I took my Coker up into Portland’s Forest Park yesterday to see how friendly Leif Erickson Road would be to a 36” wheel. Since I started my ride at the Convention Center, I only went 2.5 miles into the park because the point at which I turned around only accounted for the first 50% of my day and getting home was definitely on the agenda. I was heading out on the final downhill section a little prior to the Mile 1 marker. The trail was somewhat crowded with Sunday strollers and runners but the speed over the road with the tire humming was kickass so I kept pushing for more and more speed. I was riding a little behind a fairly fit runner and due to the extra traffic, was having trouble passing him with the aplomb necessary to avoid getting in his way once I got around in front of him. Finally, I saw my chance and stepped my speed up close to squirrelly-max as we rounded a corner. He stayed on the inside of the corner so, following one-wheeled NASCAR doctrine; I drifted outside and poured as much speed into my cranks as I could muster across the gravel road. Hand gripping my seat and standing on the pedals to increase power, I rounded the corner leaning hard so as to not loose any speed. I estimate I was just shy of a gazillion miles an hour.

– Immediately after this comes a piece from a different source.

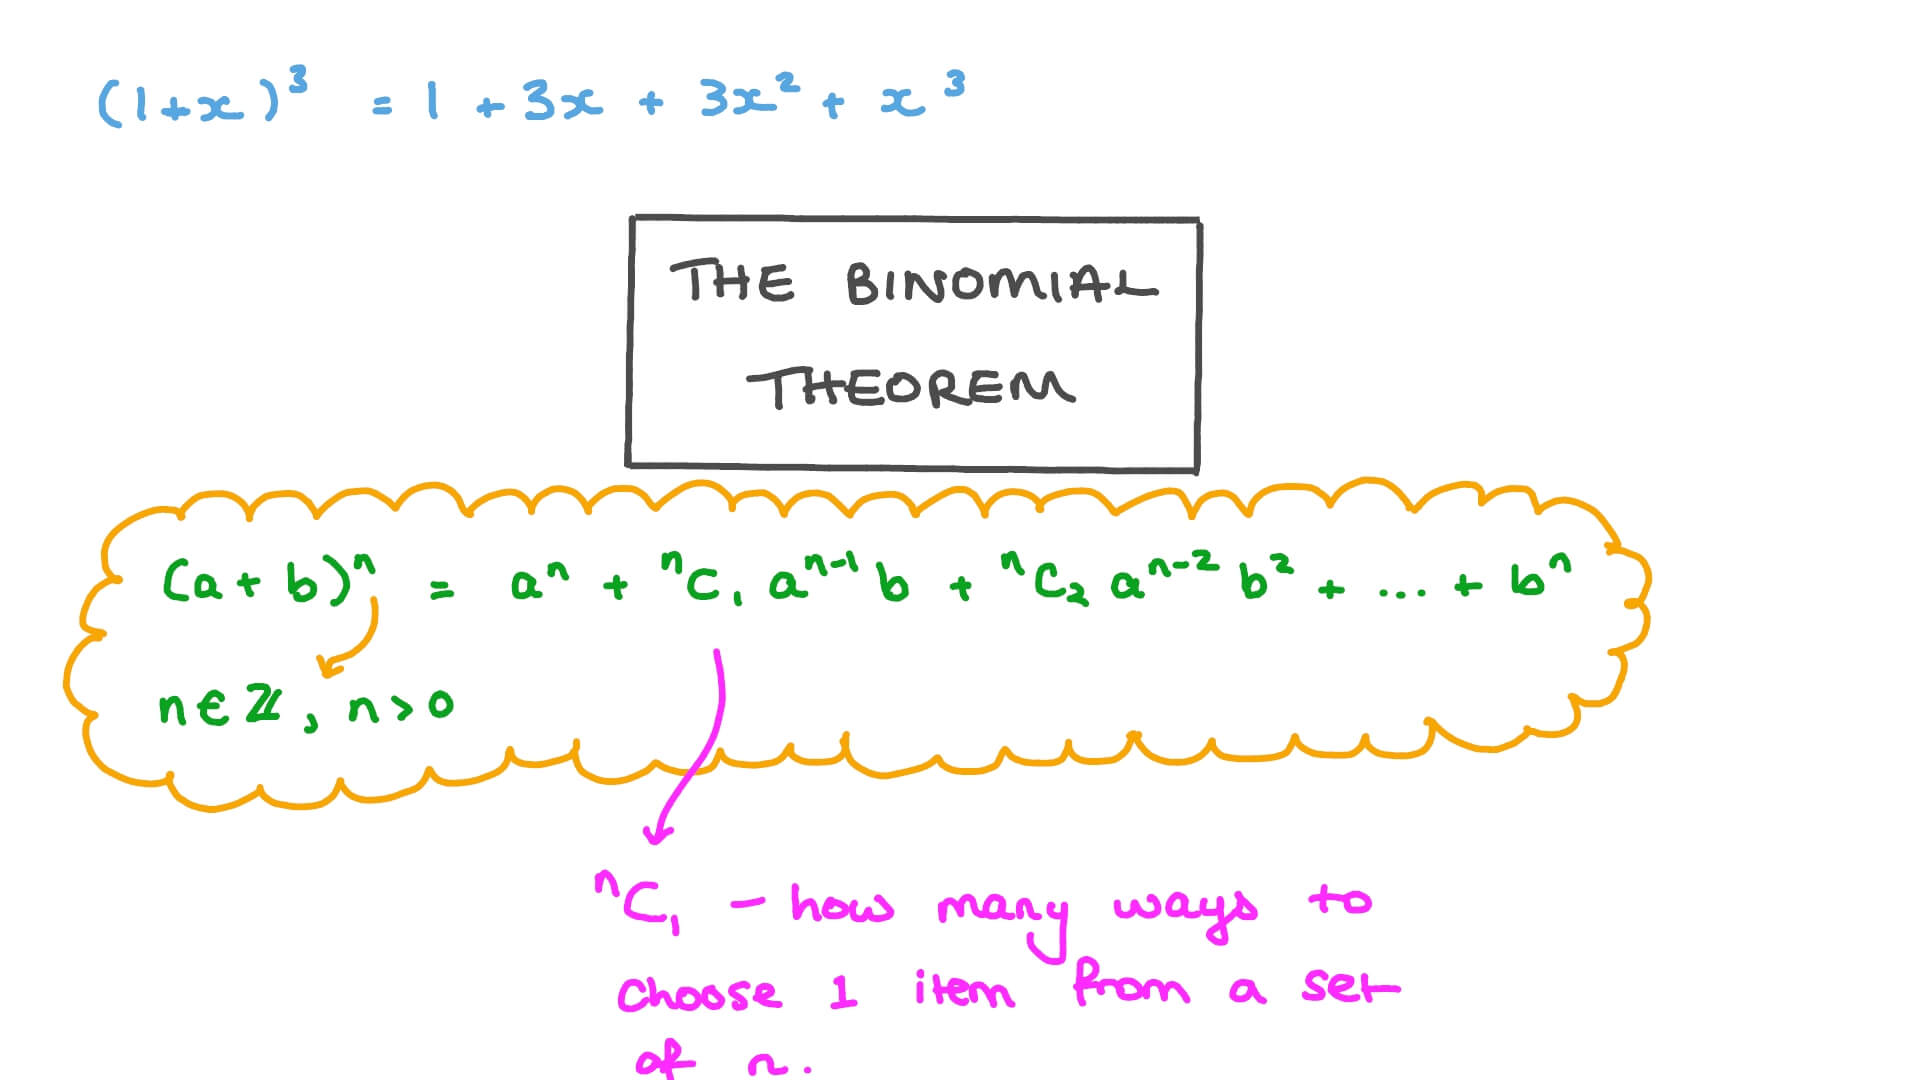 Definición del Teorema del Binomio

My speed, the safely distant walkers and the running obstacle were all factors to be concerned with so I was more focused on immediate road conditions and missing the moving human pylons than watching for other distractions. My track took me under a gum tree hanging innocently over the trail when the new term became reality. Against all odds, a single branch met perfectly with the top left rear ventilation port of my helmet like a fishhook and summarily plucked me off my ride. My body stopped; dangling midway between horizontal and vertical by my helmet straps while my unicycle full of its own momentum kept the same pace…for a short time anyway. If disgrace is the opposite of grace, a unicycle without a rider defines disgrace. Time returned to normal as the tree bent enough to release me and deposit me lightly on the road with a minimum of fuss; when my helmet disengaged I was left more standing than not right in the middle of the road. My unicycle, having suddenly been freed of my speed retarding efforts, discovered said freedom and took off down the trail towards a woman with a double-wide jog stroller filled with babies. The absence of my body caused the seat to be dragged across the gravel until the whole contraption succumbed to gravity and thankfully tumbled to a stop against the steep side of the road.

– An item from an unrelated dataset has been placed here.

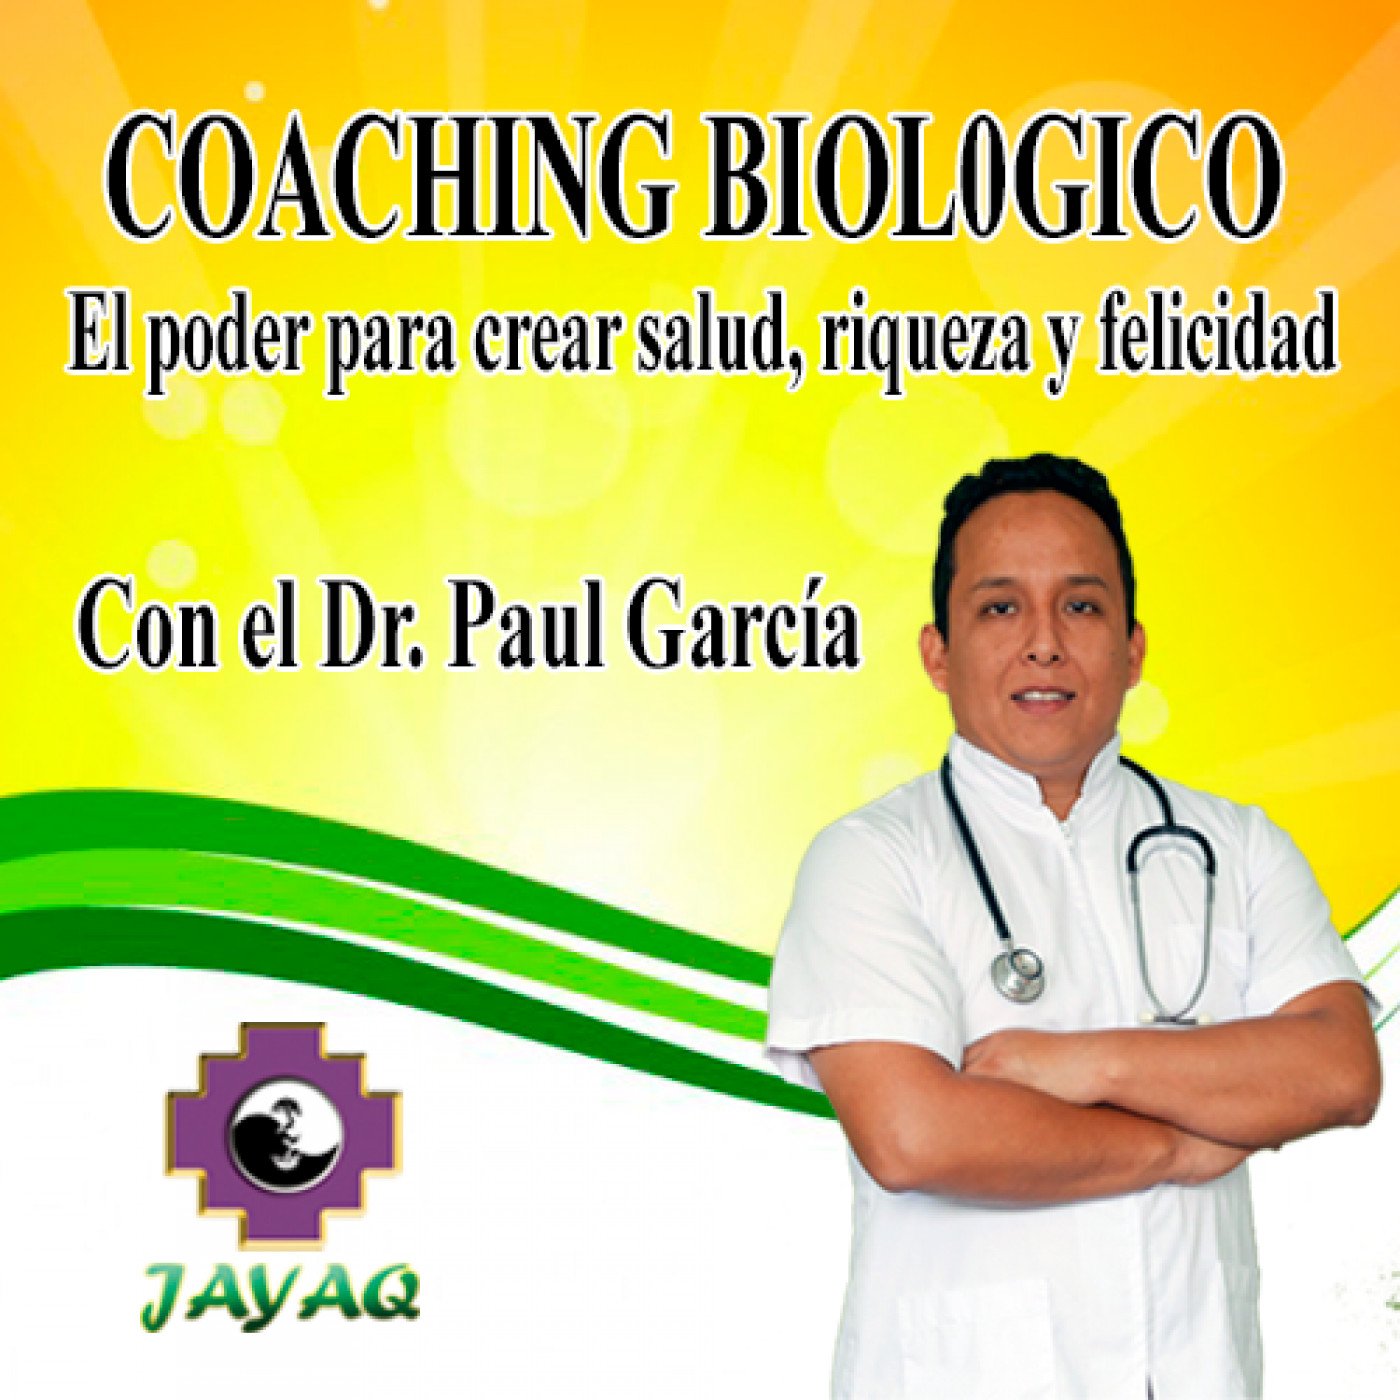 COACHING BIOLOGICO CON EL DR PAUL GARCIA

The runner didn’t even slow down. All I heard as he came past was, “Maybe now we have a good reason to log all the trees out of this place.” And he was gone.

My neck is a little sore today though I do have great head mobility. I include a picture of the only evidence of what may be the world’s first plucking. It’s my helmet looking from the front towards the rear at the vent hole from which I momentarily dangled.